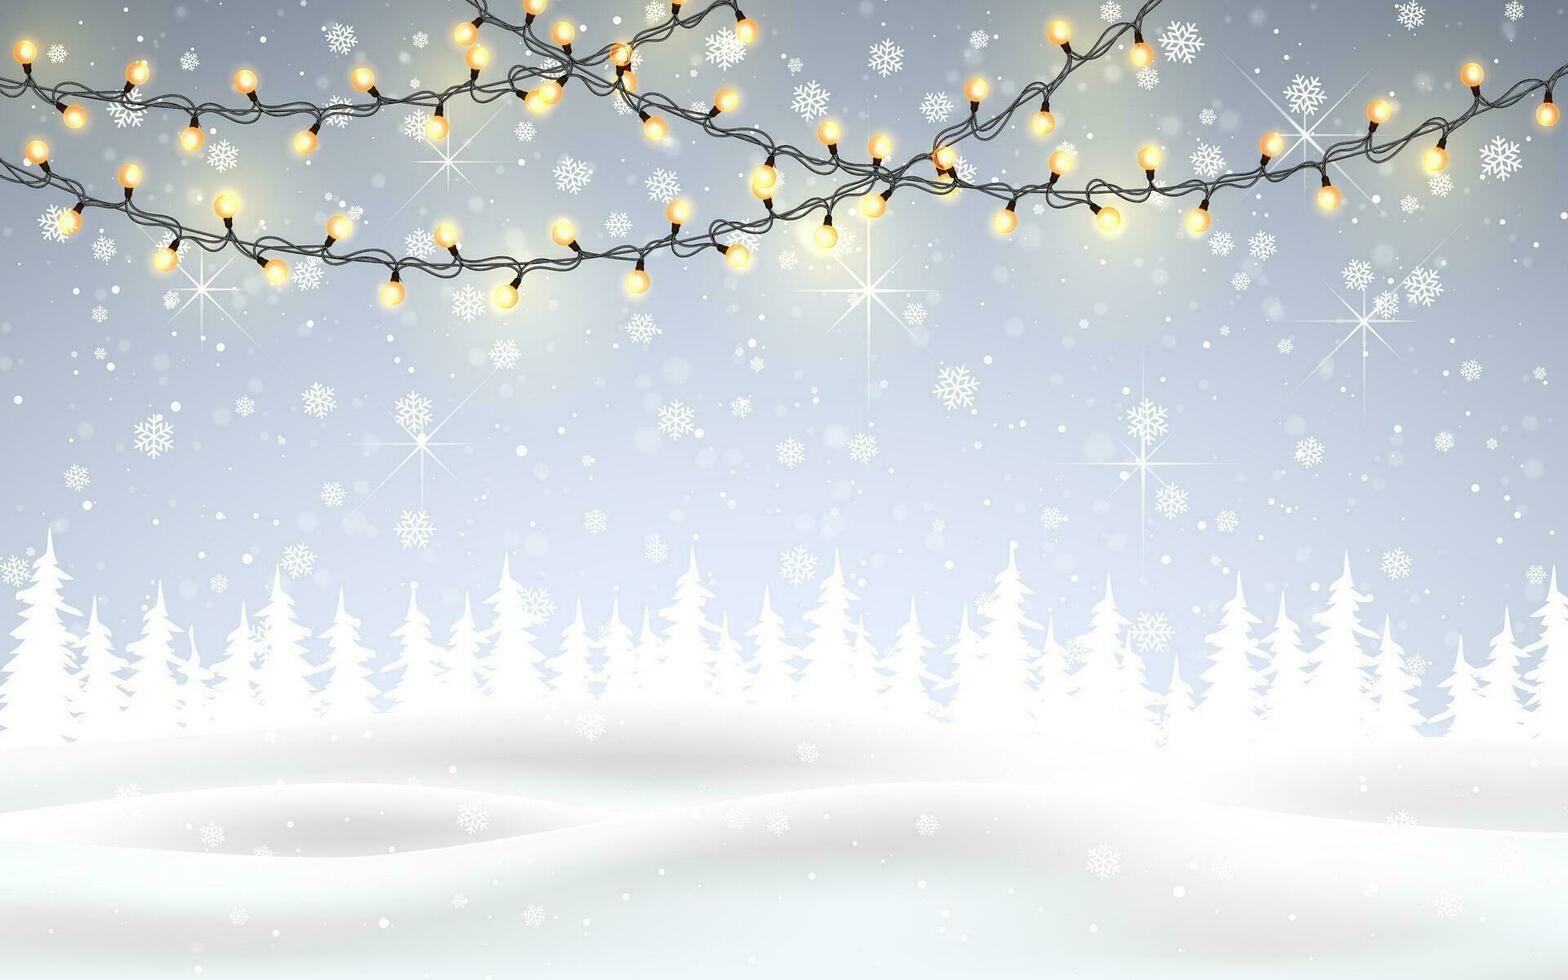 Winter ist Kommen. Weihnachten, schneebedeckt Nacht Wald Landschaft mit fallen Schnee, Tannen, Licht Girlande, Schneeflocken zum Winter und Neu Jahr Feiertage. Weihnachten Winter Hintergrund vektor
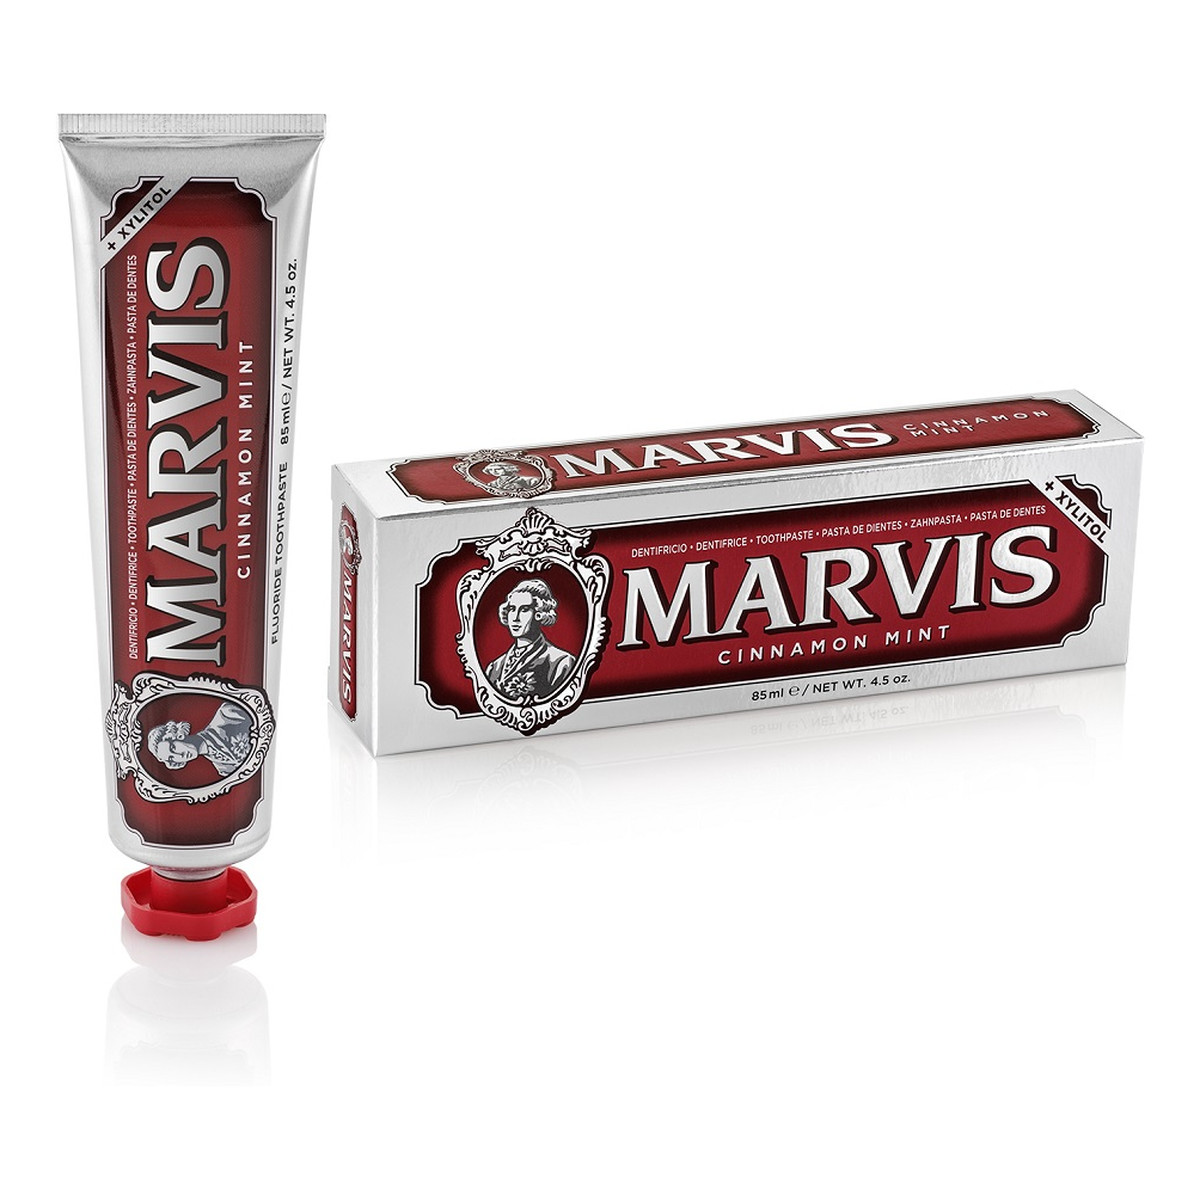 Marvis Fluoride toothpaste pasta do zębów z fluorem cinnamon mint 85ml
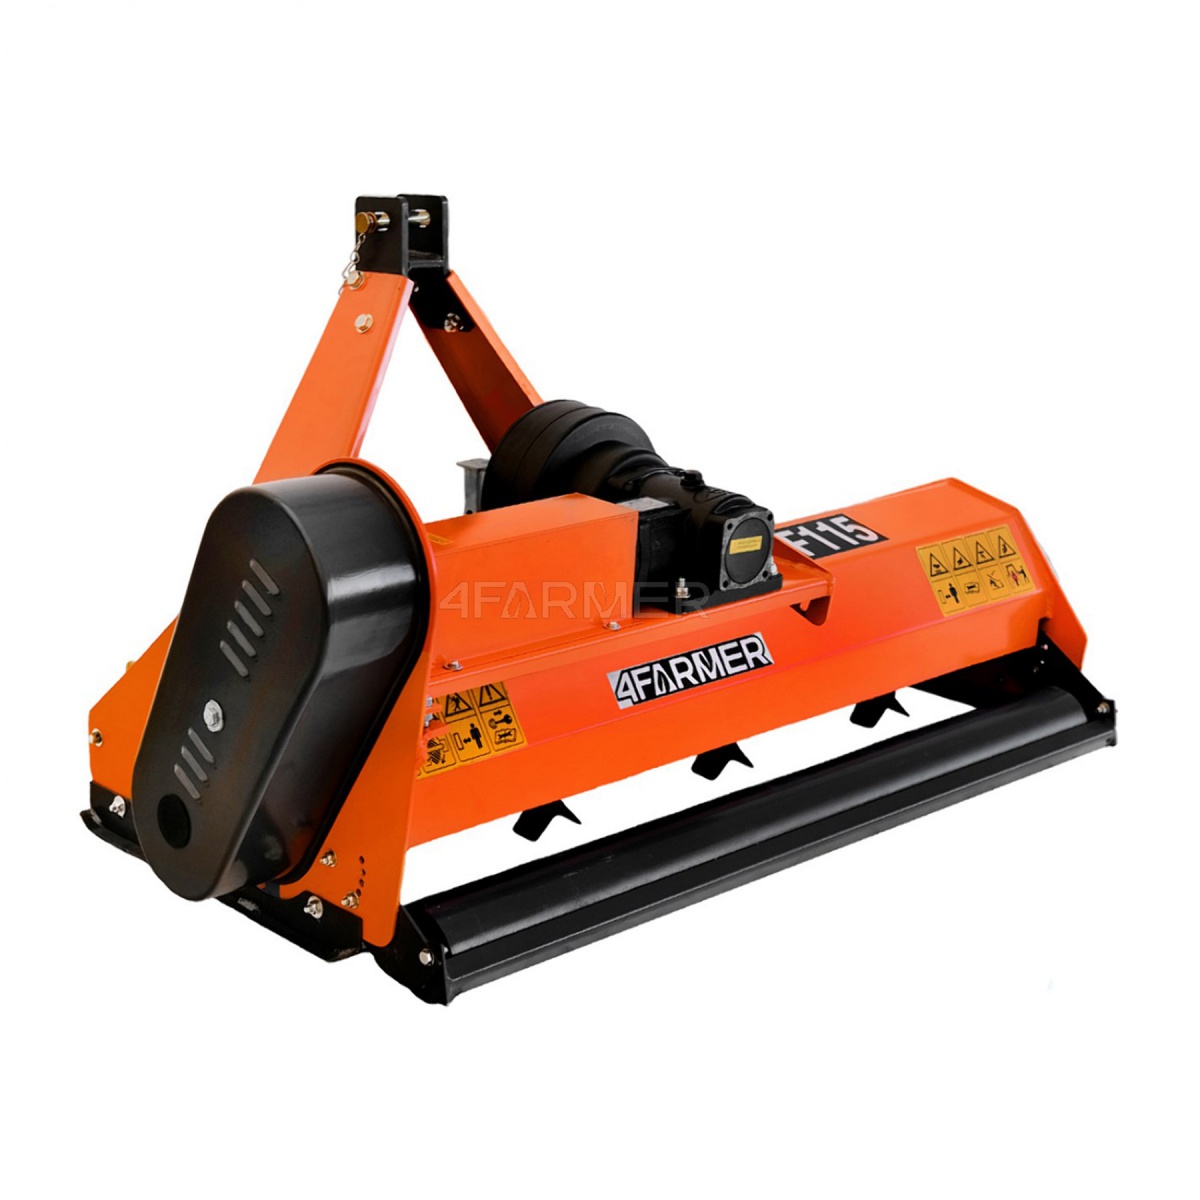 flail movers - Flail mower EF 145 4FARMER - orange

▶ [Goal of the exercise] Starting with the line that contains "Marvis Fluoride toothpaste", give the lines again exactly as they appear through the last line of the data, pictures excluded.

▶ [Answer space]
 Marvis Fluoride toothpaste pasta do zębów z fluorem cinnamon mint 85ml
 flail movers - Flail mower EF 145 4FARMER - orange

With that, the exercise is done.